Source data:
☆ ☆ ☆ ☆ ☆

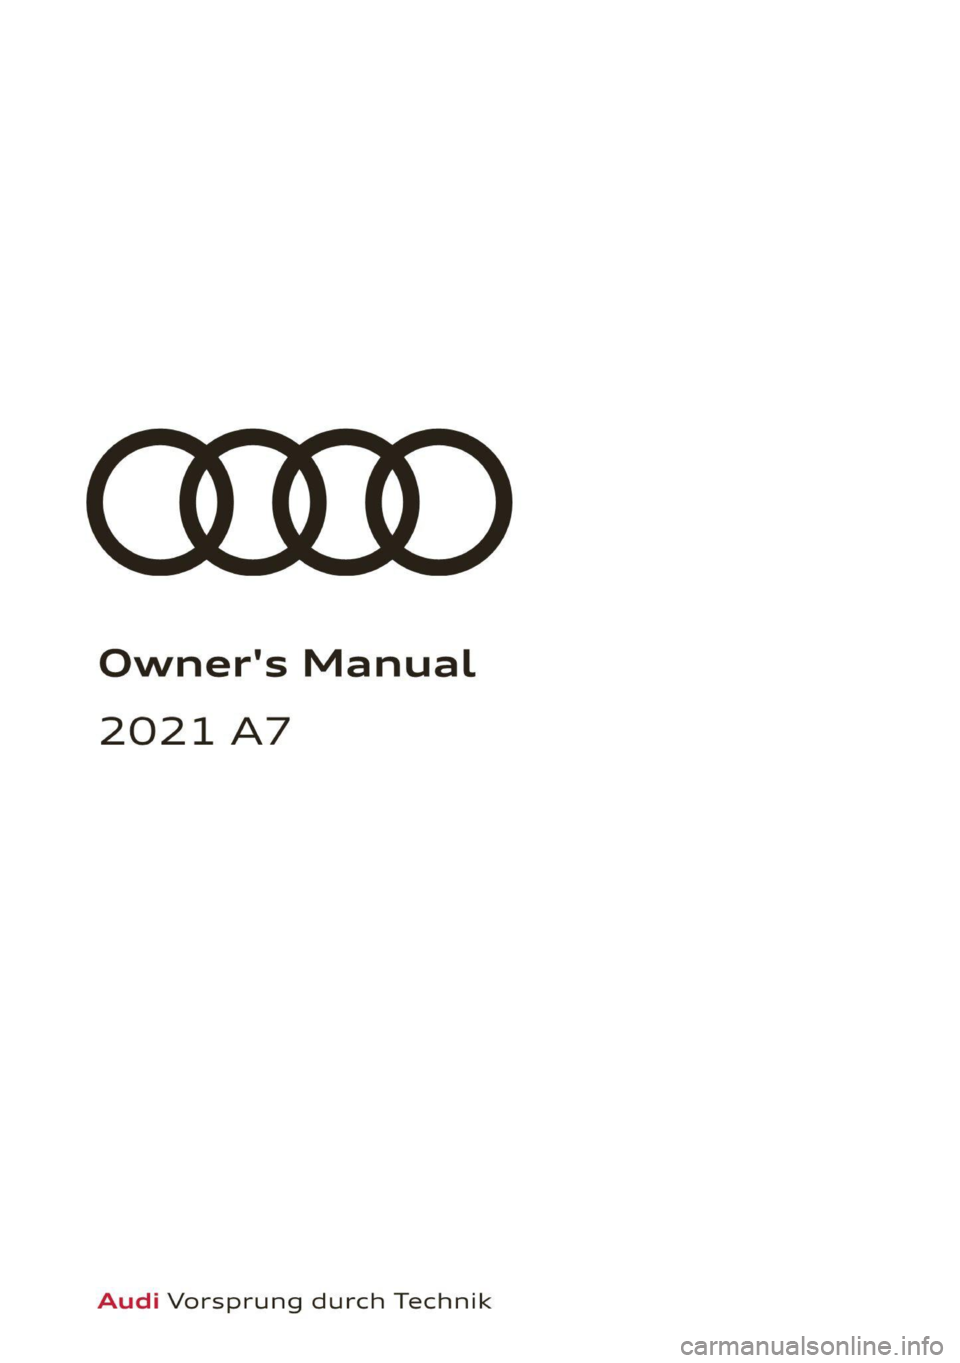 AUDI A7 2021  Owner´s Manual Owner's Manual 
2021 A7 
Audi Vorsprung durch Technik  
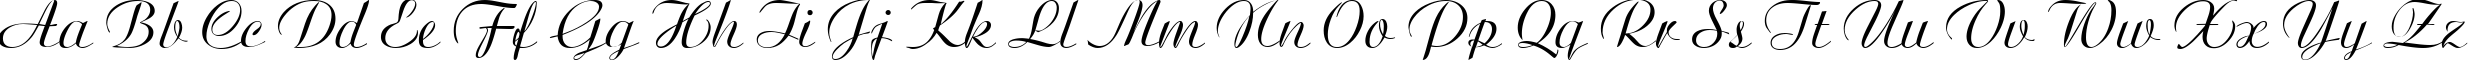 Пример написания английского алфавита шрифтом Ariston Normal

☆ ☆ ☆ ☆ ☆

Your assignment: When you repeat the data, keep it exact and drop every picture.

Output for this task:
 AUDI A7 2021  Owner´s Manual Owner's Manual 
2021 A7 
Audi Vorsprung durch Technik  
 Пример написания английского алфавита шрифтом Ariston Normal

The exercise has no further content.